# pigeon jokes



## birds+me=happy

I'm kinda bored so I just though I would bright some people up with a couple jokes.

Did you hear about the man who became a millionaire with one homing pigeon?

He sold it for a dollar and it kept coming home a million times! 


A BIG HOLE

Little Tim was outside in the back yard digging a big hole in the corner of the yard. He had been out there for a while really making this hole very large and deep. 

The neighbor had been watching him for some time through her kitchen window and decided to go out and find out what was going on.

"Tim, why are you digging such a big hole in the yard?" she asked.

Tim did not even look up but spoke in anger, "Because my pigeon died"

"I am so sorry to hear that Tim" she said. "But why are you digging such a big hole?"

Tim replied, "Because your darn cat is goin' in there too."

 lol


----------



## RodSD

Hahaha....I like the first joke. Someone will bury you, too, on the second joke. (That is a joke!)


----------



## birds+me=happy

And here's a poem I found.

A Little Pigeon Poem

Why live with pigeons? There's danger you know, 
Can't adopt just one, the craving will grow. 
There's no doubt they're addictive, wherein lies the danger, 
While living with lots, you'll grow poorer (and stranger?). 

One pigeon is so funny, and two are no trouble, 
The more, the merrier, they're all so delightful. 
The third is a honey, the fourth one's a breeze, 
You can live in a house full, with the greatest of ease. 

So how 'bout another -- or two if you must? 
They're really quite easy, but oh Lord, the dust. 
With pigeons on furniture, and pigeons in bed, 
And their toys and things, "It's no bother," you've said. 

So, invite some more pigeons, you can always find room, 
And a little more time, for the dust cloth and broom. 
There's hardly a limit, to the pigeons you add, 
The thought of a cutback, sure makes you sad. 

Each one is so special, so unique and so funny, 
Food and care bills grow larger, you spend much more money. 
Your folks never visit, few friends come to stay, 
Except other bird folks, who live the same way. 
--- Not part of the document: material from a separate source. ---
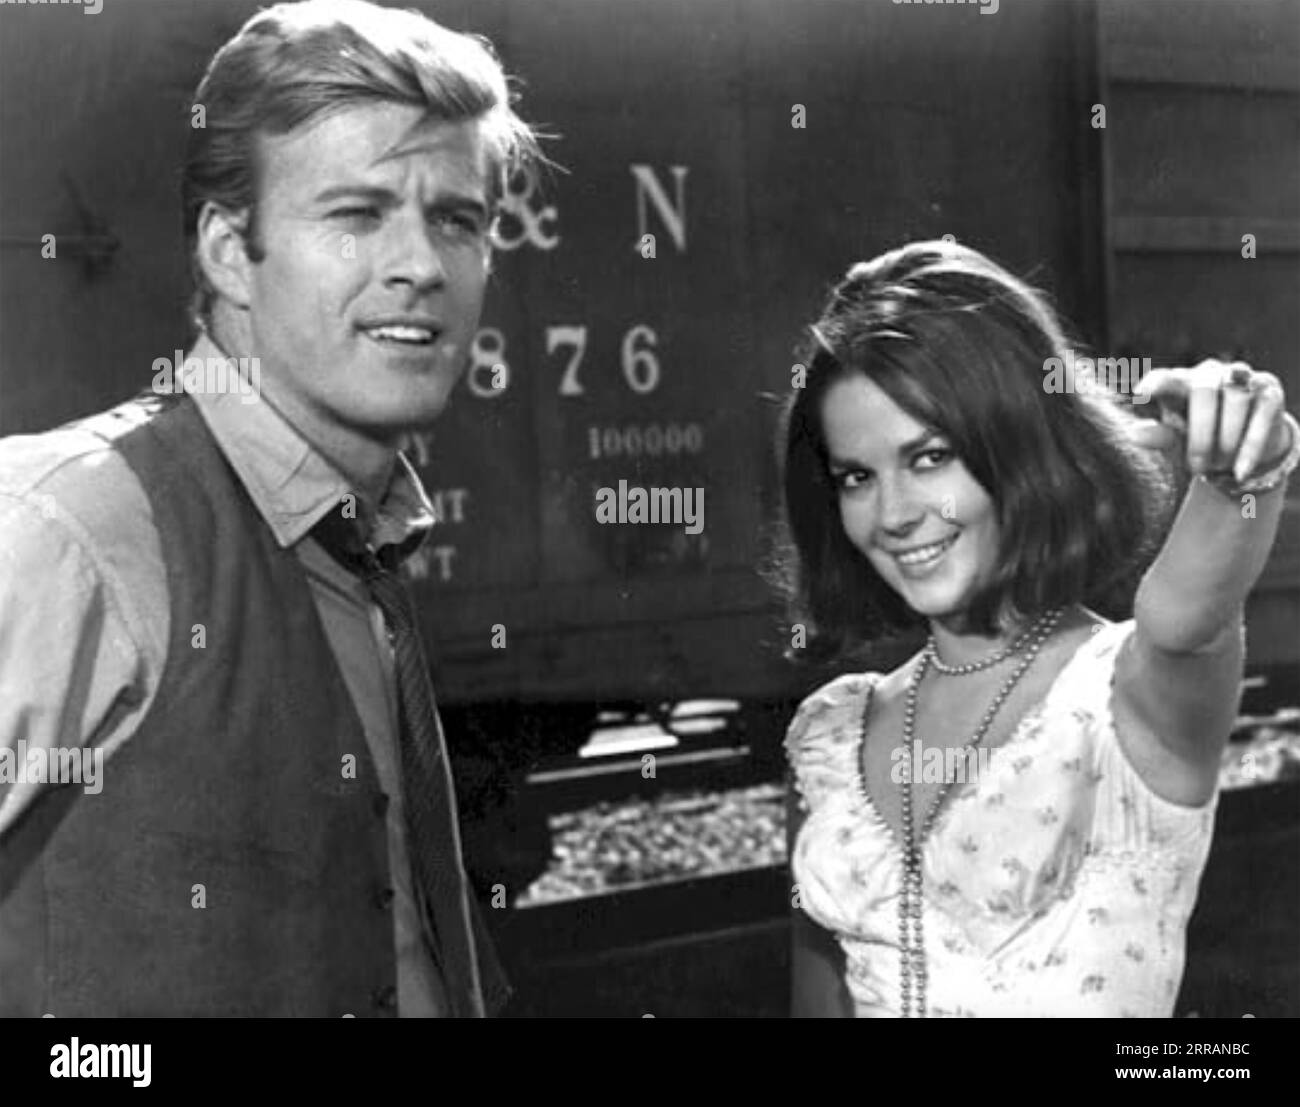 INSIDE DAISY CLOVER 1965 Warner Bros. Film con Natalie Wood e Robert Redford Foto Stock

Is it worth it you wonder? Are you caught in a trap? 
Then your pigeon pals fly over, and into your lap. 
Their coos say your special, and you know that you will, 
Keep your feathered friends, in spite of the bill.


----------



## spirit wings

funny and cute stuff....we do have a "small talk" thread though that you may want to use next time


----------



## teebo

*Pigeon flying in sky*

But baby pigeon said, "I can't make it; I'll get too tired." His mother said, "Don't worry; I'll tie a piece of string to one of your legs and the other end to mine." 

The baby started to cry.

"What's wrong?" said the mother.

"I don't want to be pigeon towed!"


----------